A falling-film column (or wetted-wall column) is a particular chemical equipment used to achieve mass and heat transfer between two fluid phases (in general one gas phase and one liquid phase).

It is essentially formed by a vertical tube-shaped vessel: the liquid stream flows through the inner wall of the tube and the gas stream flows in correspondence of the centre of the tube.

Description 

In the most common case, the column contains one liquid stream and one gas stream. The liquid forms a thin film that covers the inner surface of the vessel, instead the gas stream is normally injected from the bottom of the column, so the two fluids are subjected to a counter-current exchange of matter and heat, that happens in correspondence of the gas-liquid interface.
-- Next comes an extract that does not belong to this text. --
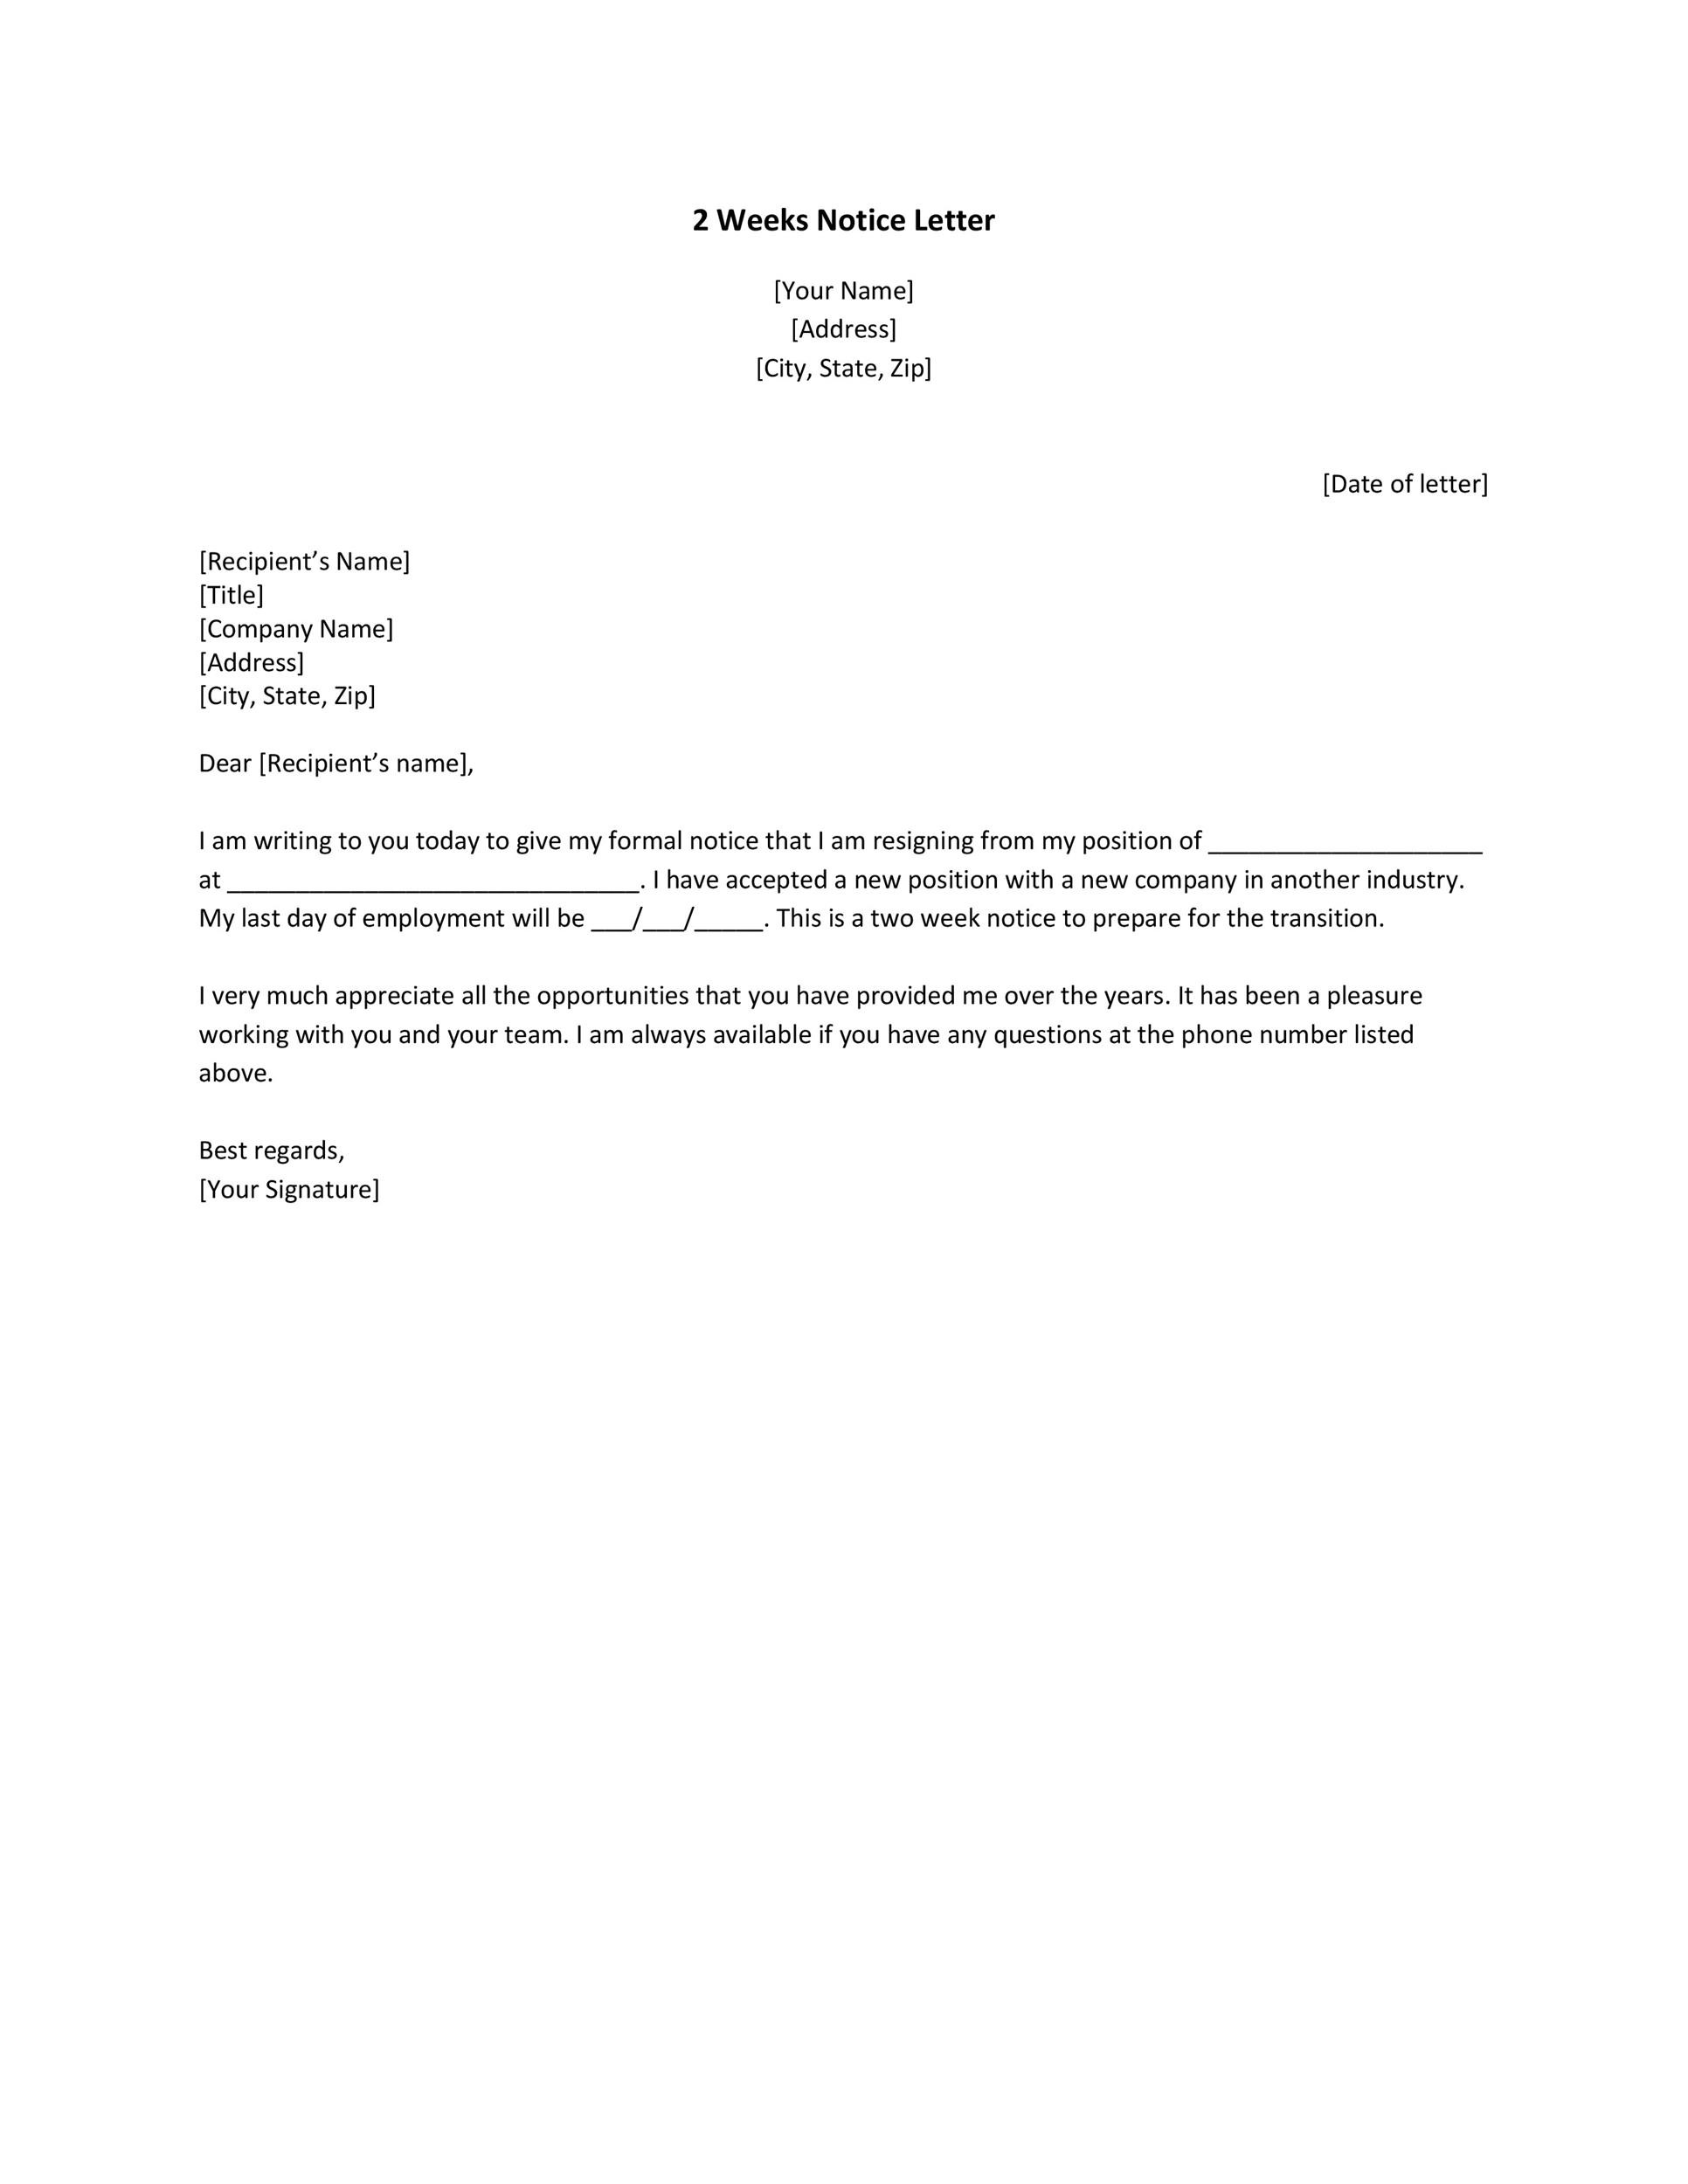 A Good Two Weeks Notice Letter from templatelab.com

Sometimes, the same equipment is used to achieve the co-current mass and heat transfer between two immiscible liquids.

Applications 

Because of its easiness of modelling, falling-film column is generally used as laboratory equipment, for example to measure experimentally the values of transport coefficients. A significant experiment was carried out in 1934 by Edwin R. Gilliland and Thomas Kilgore Sherwood that used a falling-film column to study the mass transfer phenomenon between a liquid phase and a gas phase, obtaining an experimental correlation between Sherwood number, Reynolds number and Schmidt number.

It is not used at an industrial scale, because it has low surface area and liquid hold-up compared to other gas-liquid contactors (e.g. a packed column or a plate column).